• _DATA SEGMENT_:
..............................
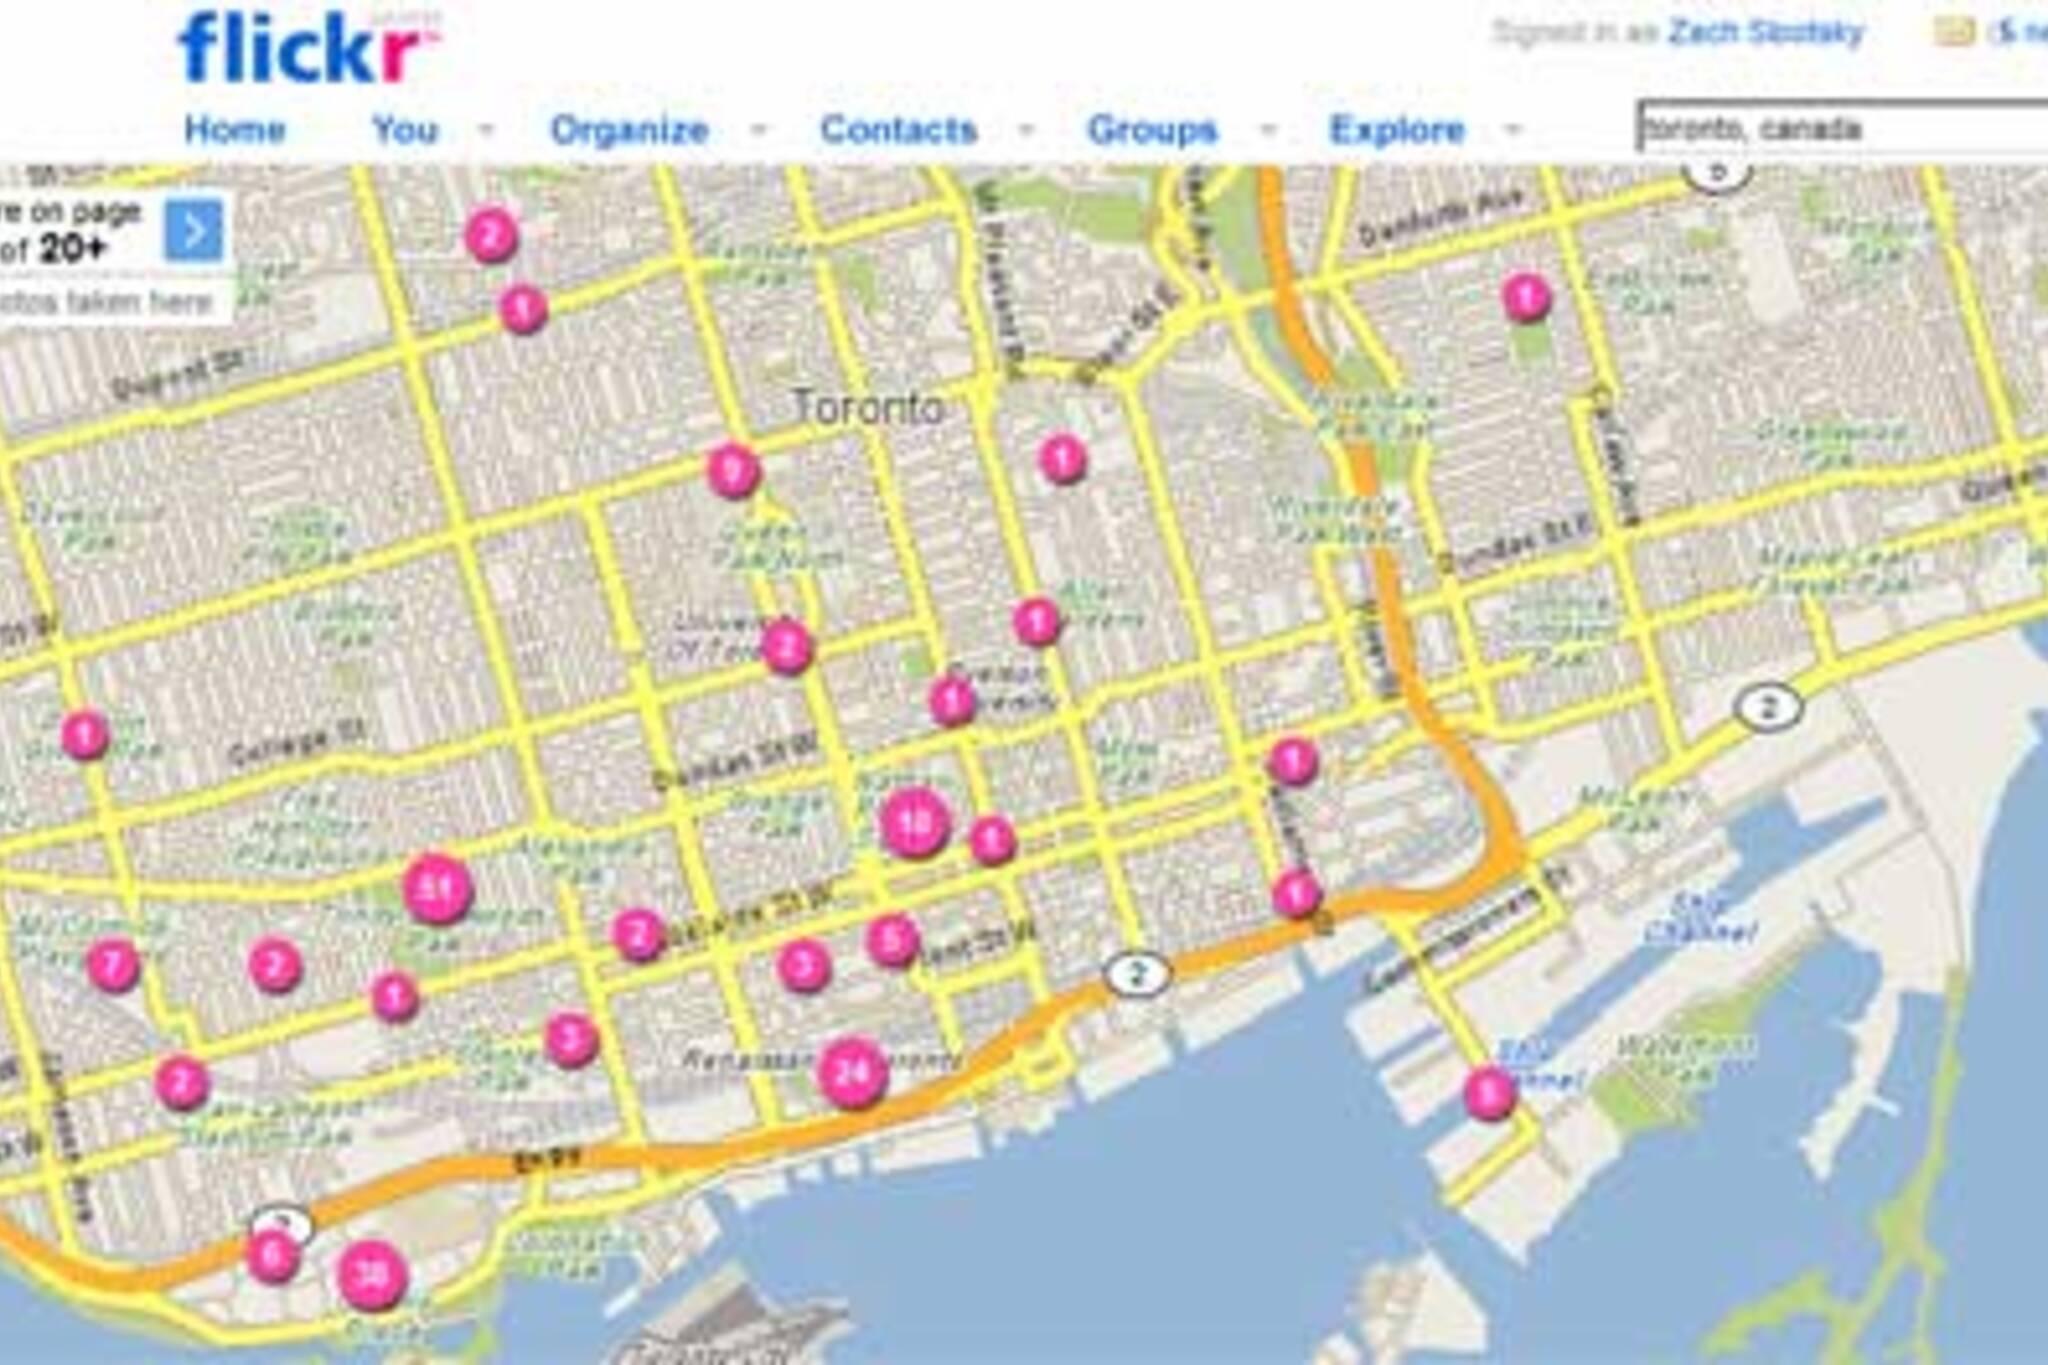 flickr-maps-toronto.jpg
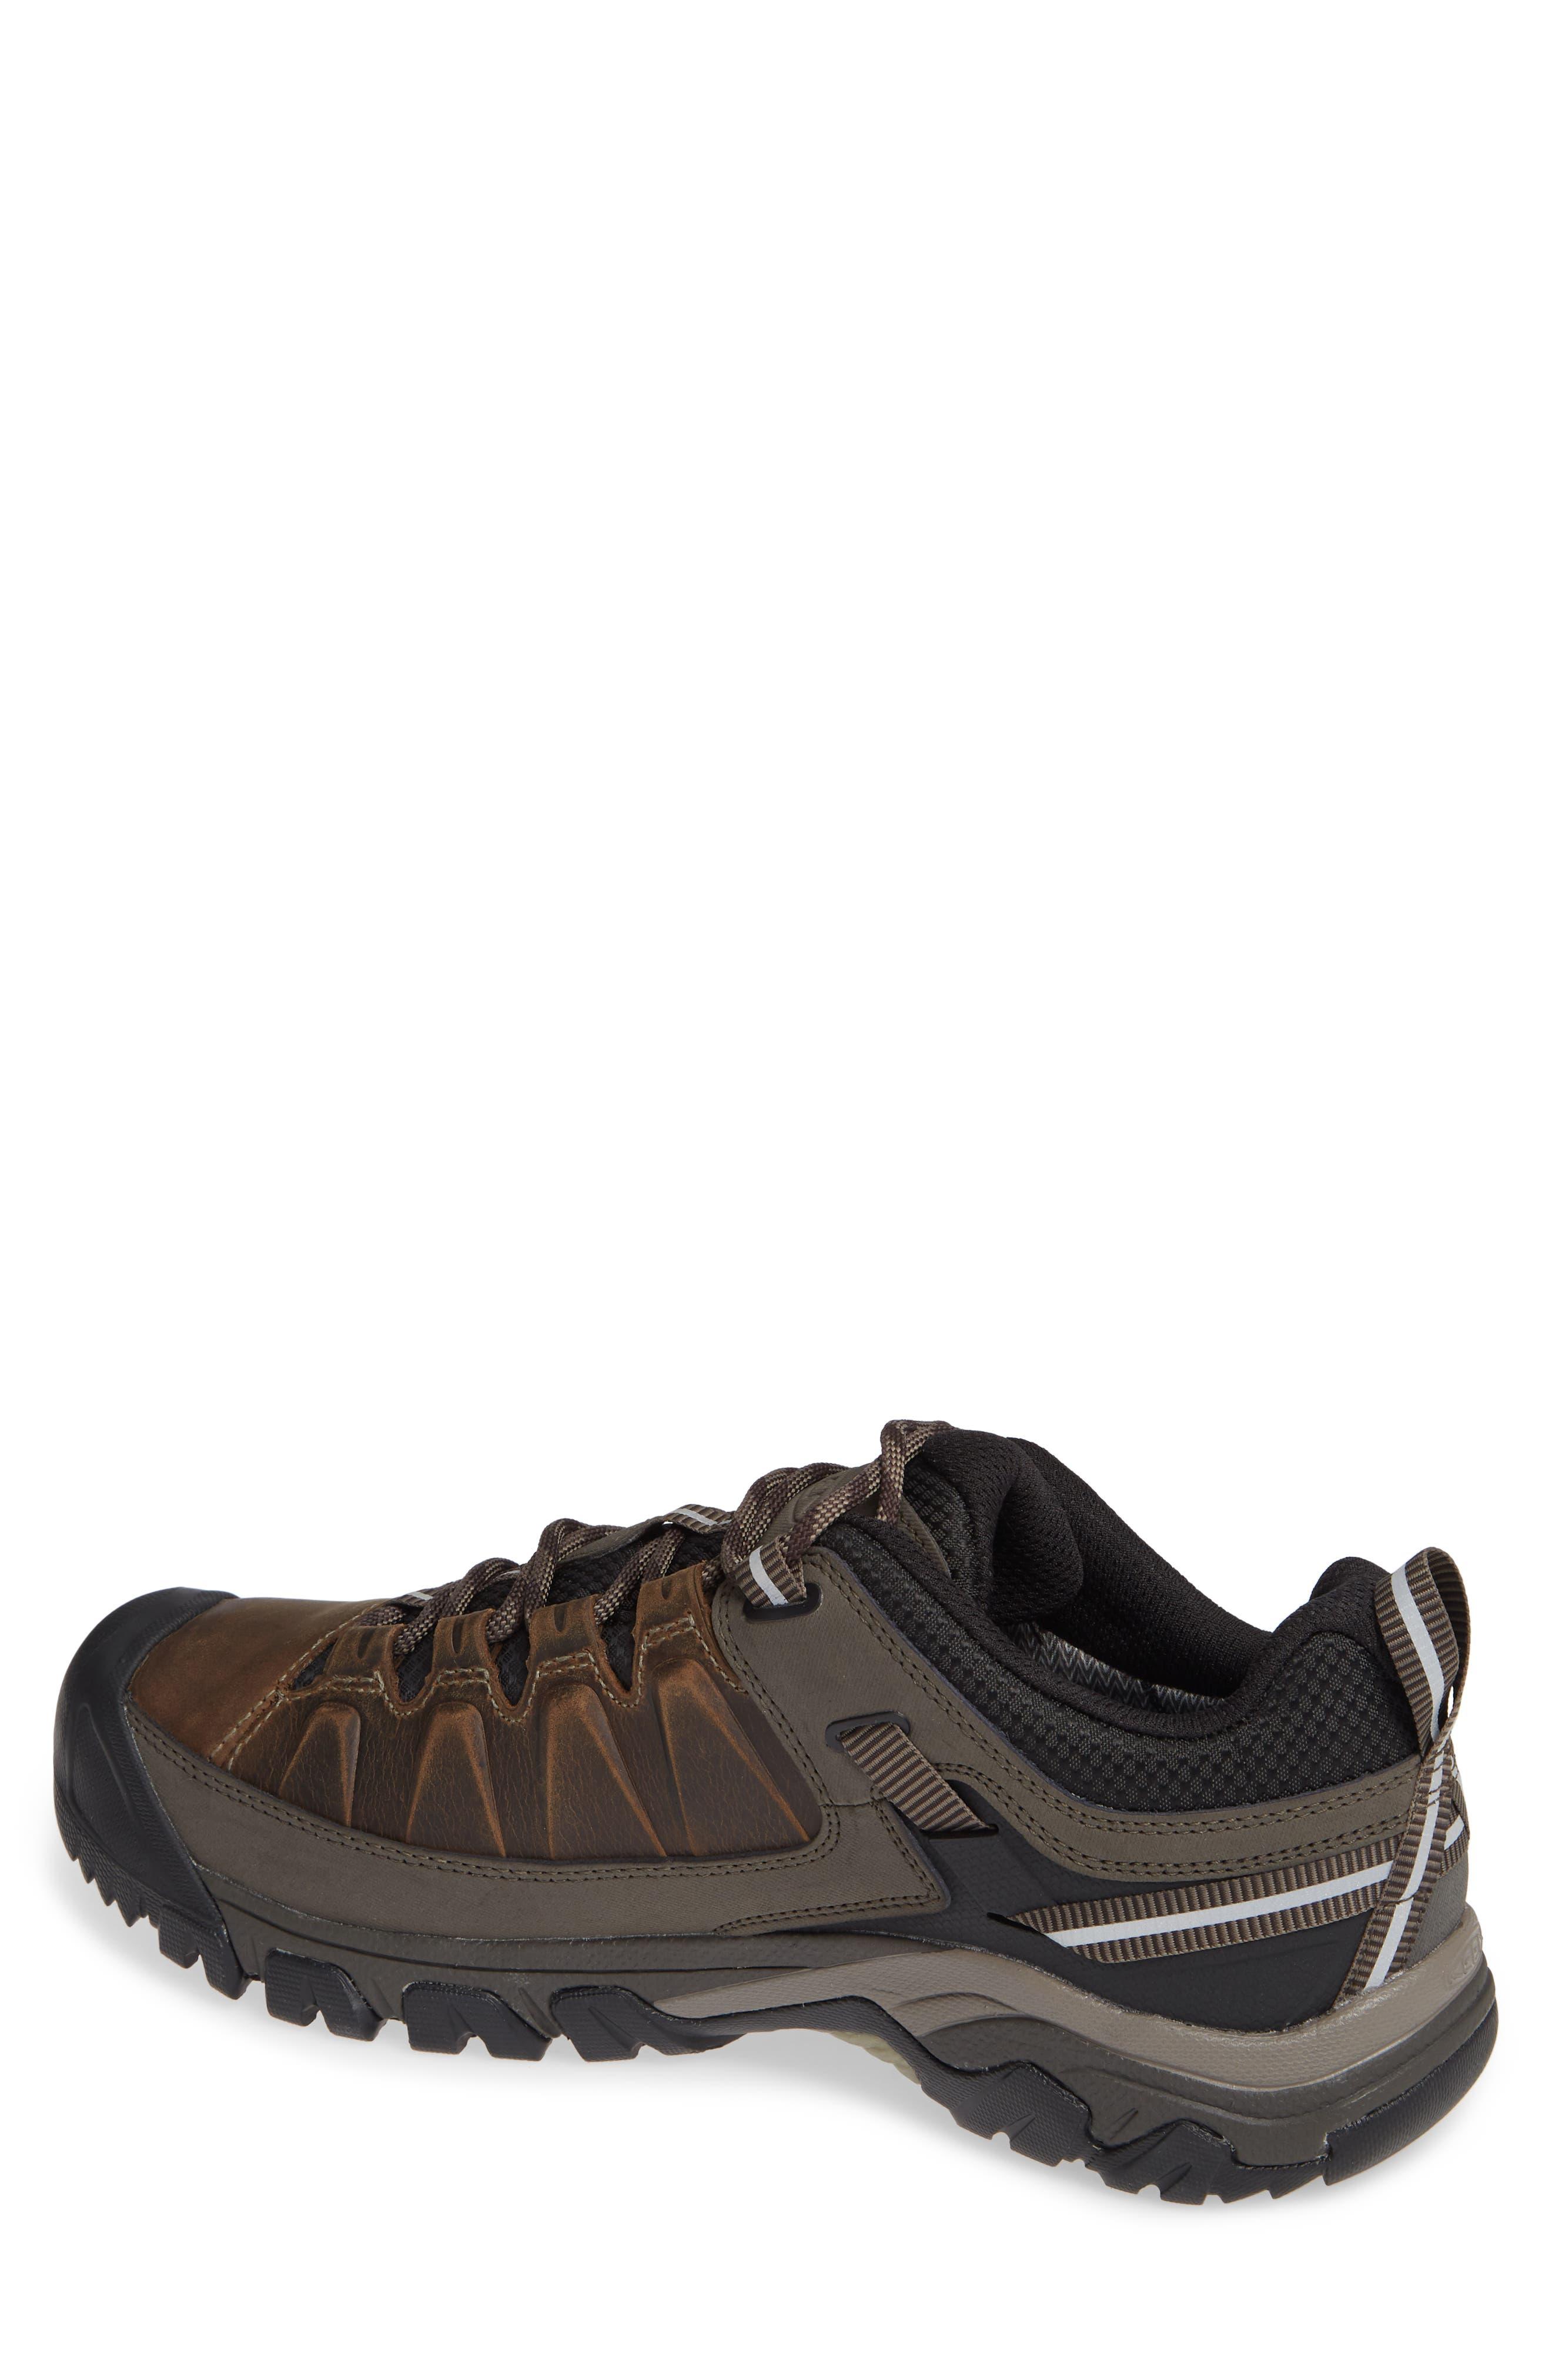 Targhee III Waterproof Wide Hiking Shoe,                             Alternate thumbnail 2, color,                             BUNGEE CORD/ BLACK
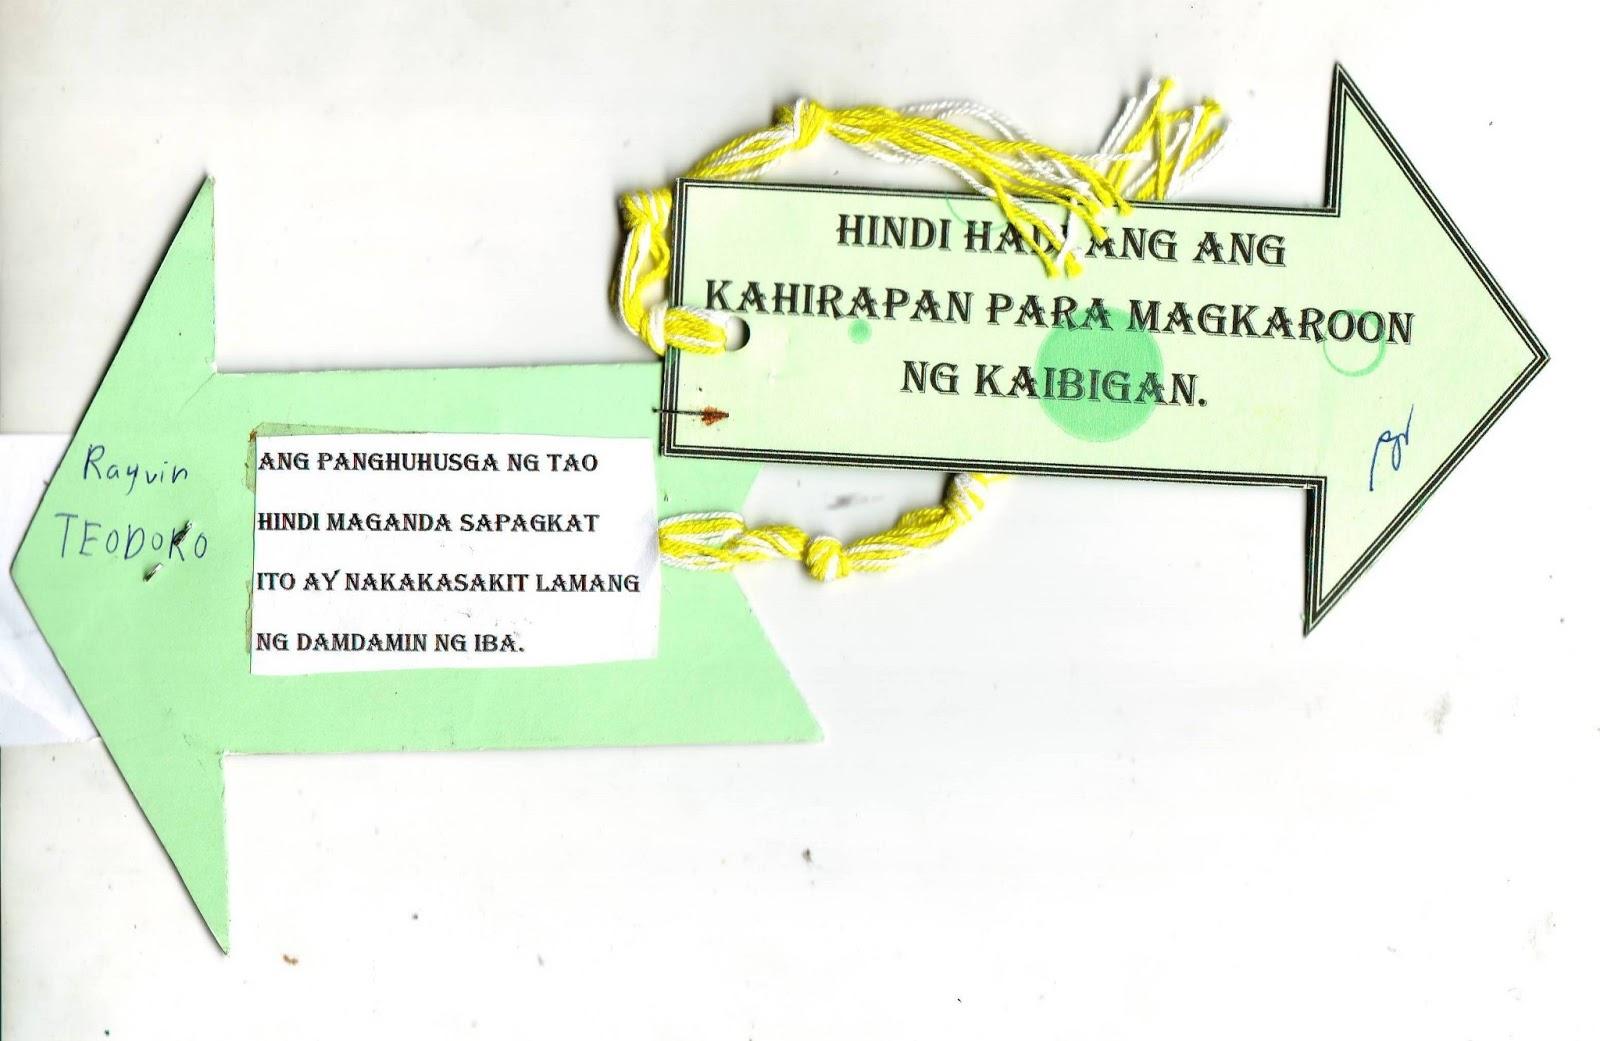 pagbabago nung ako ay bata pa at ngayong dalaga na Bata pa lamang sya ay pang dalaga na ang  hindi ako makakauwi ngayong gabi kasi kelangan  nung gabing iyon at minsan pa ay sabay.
..............................
• _AIM OF THE EXERCISE_: Copy out the whole listing exactly, and don't carry over any pictures.

• _OUTPUT OF THE EXERCISE_:
 flickr-maps-toronto.jpg
 Targhee III Waterproof Wide Hiking Shoe,                             Alternate thumbnail 2, color,                             BUNGEE CORD/ BLACK
 pagbabago nung ako ay bata pa at ngayong dalaga na Bata pa lamang sya ay pang dalaga na ang  hindi ako makakauwi ngayong gabi kasi kelangan  nung gabing iyon at minsan pa ay sabay.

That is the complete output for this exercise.